Now, four years later, another election has come and gone. Now, four years later, there are rafts of evidence which point, once again, to overwhelming disenfranchisement of minority voters. Now, four years later, members of the Congressional Black Caucus, along with several other House members, plan to stand once again and protest an election that failed to live up to the standards required of participatory democracy. Now, four years later, they seek a Senator to stand with them.

[Could you type, “Now, four years later,” again, Pitt? I’m beginning to catch on to its rhythm. But don’t let me stop you. Continue with the Pitt Proclamation…]

This time, a Senator must answer the call.

[A call to turn himself or herself into a national laughingstock. Funny, Pitt, I don’t recall you answering “the call” to hold a vigil in front of Kerry’s Boston townhouse. If I recall it was school vacation so you didn’t even have to take off from your precious Boston Middle School job. Another case of “Do as I say, not as I do,” from Pied Piper Pitt. Continue with your flutings…]

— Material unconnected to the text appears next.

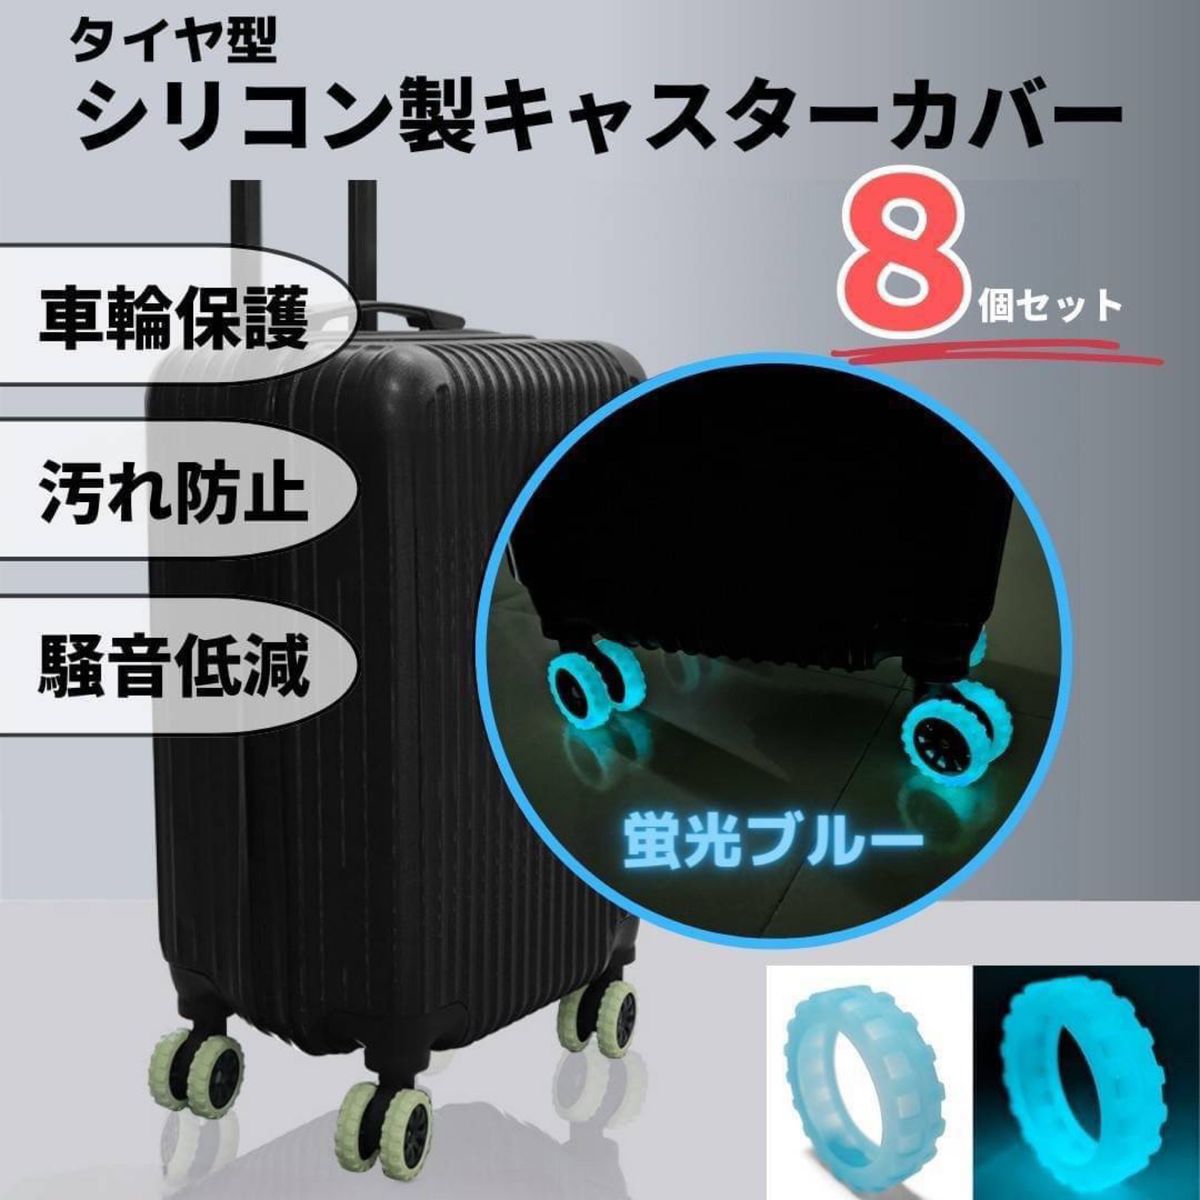 キャスターカバー シリコン 蛍光ブルー 車輪カバー 保護 汚れ防止 スーツケース

Four years ago, standing up was politically dangerous. The country had just endured a month of mayhem and charges and countercharges and overheated rhetoric. The Supreme Court had ruled, a judicial version of the loud voice from Mount Ararat that cannot be contravened. The tablets had been handed down.

[The first set of tablets from Mount Ararat must have crashed down on top of your head, Pitt. But speak to us some more from the mountaintop…]

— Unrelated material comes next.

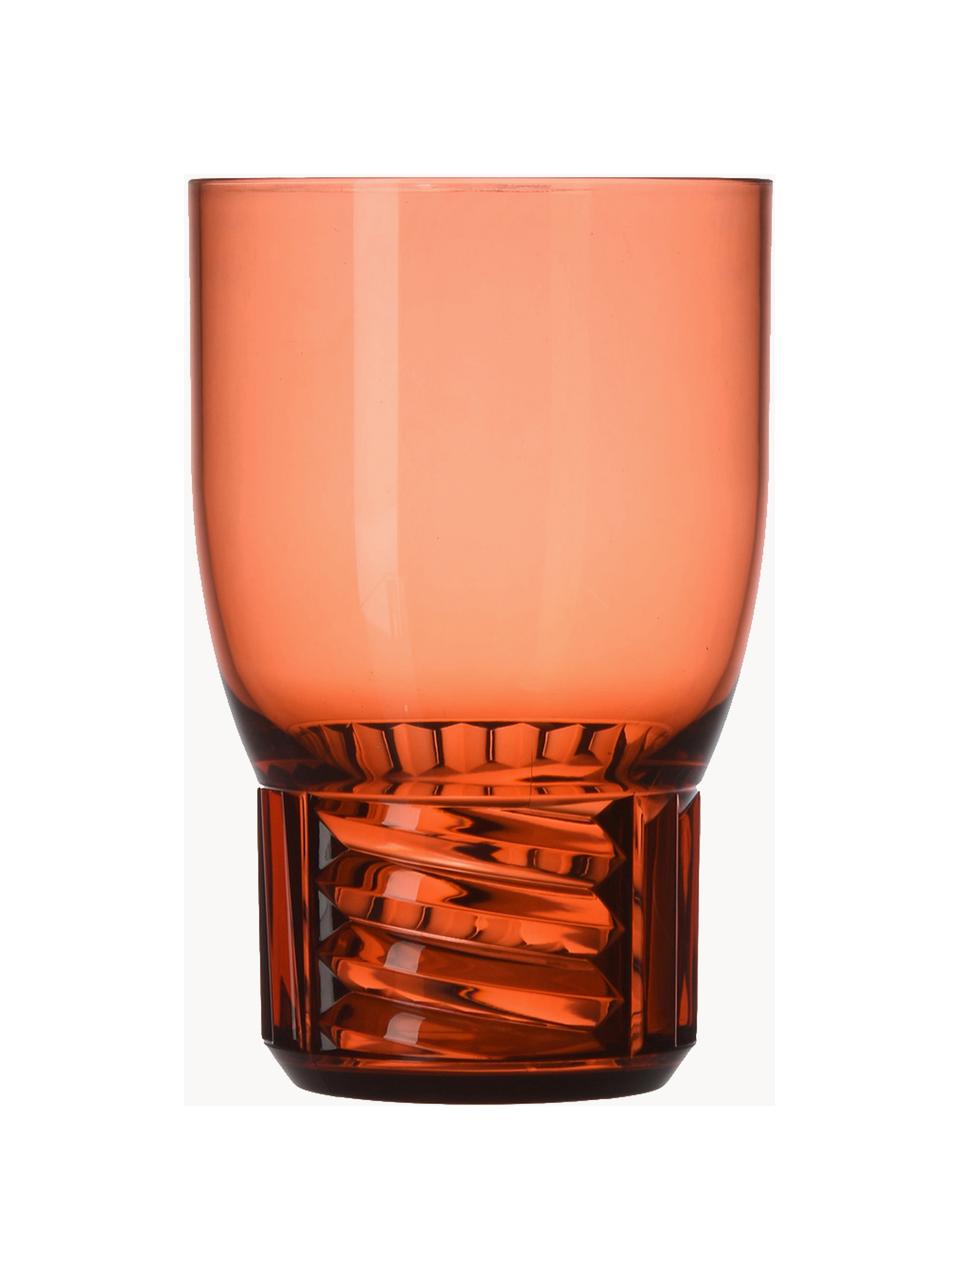 Vasos con relieves Trama, 4 uds., Plástico, Rojo coral transparente, Ø 9 x Al 13 cm, 460 ml

The mainstream news media had launched into the soothing refrain, “This is an orderly transition of power…this is an orderly transition of power,” and a Senator standing up in Congress to swat the hornet’s nest again would have, bluntly, gotten their butt kicked up between their shoulderblades. Recall the line from the film ‘The Right Stuff’: “It takes a special kind of man to volunteer for a suicide mission, especially one that’s on TV.” Four years ago, no one was feeling special enough to volunteer. Do not forget, as well, that candidate Gore asked his Senate colleagues not to join the CBC, so that they all might “heal the country.

[Moving from Lord of the Rings to The Right Stuff? Interesting. To us at the DUmmie FUnnies it appears that all your laughable rantings are more suited to It’s a Mad Mad Mad World. Continue with your madness…]

The politics this time around are comparably dicey. Mainstream media coverage of election irregularities in Ohio and elsewhere has been meager at best. What coverage there has been has managed to be simultaneously disparaging and uninformed. Take, for example, the editorial from the Cleveland Plain-Dealer directed today at Rep. Tubbs-Jones and Rev. Jesse Jackson: “(Kerry) had the good grace and sense to acknowledge the abundantly obvious, go home and resume his life. You might consider emulating his excellent example, because what you are doing now - redoubling your effort in the face of a settled outcome - will only drive you further toward the political fringe. And that long grass already is tickling your knees.”

[I wish the Cleveland Plain-Dealer kept mum on this advice. I like to see the DUmmies go even further toward the political fringe, led of course by Pied Piper Pitt. And that long grass already is tickling your brain. Continue…]

A Senator who stands with Conyers and the CBC risks marginalization. A Senator who stands with Conyers risks blowing their credibility to smithereens on the eve of a fight over Bush’s wacky judicial nominations, and on the eve of a fight over the very existence of the minority’s ability to filibuster. A Senator who stands with Conyers and the CBC risks being targeted for defeat by an increasingly effective GOP machine.

[A Senator who stands with Conyers risks becoming a punchline to a lot of comedy jokes. Continue with your comedy routine…]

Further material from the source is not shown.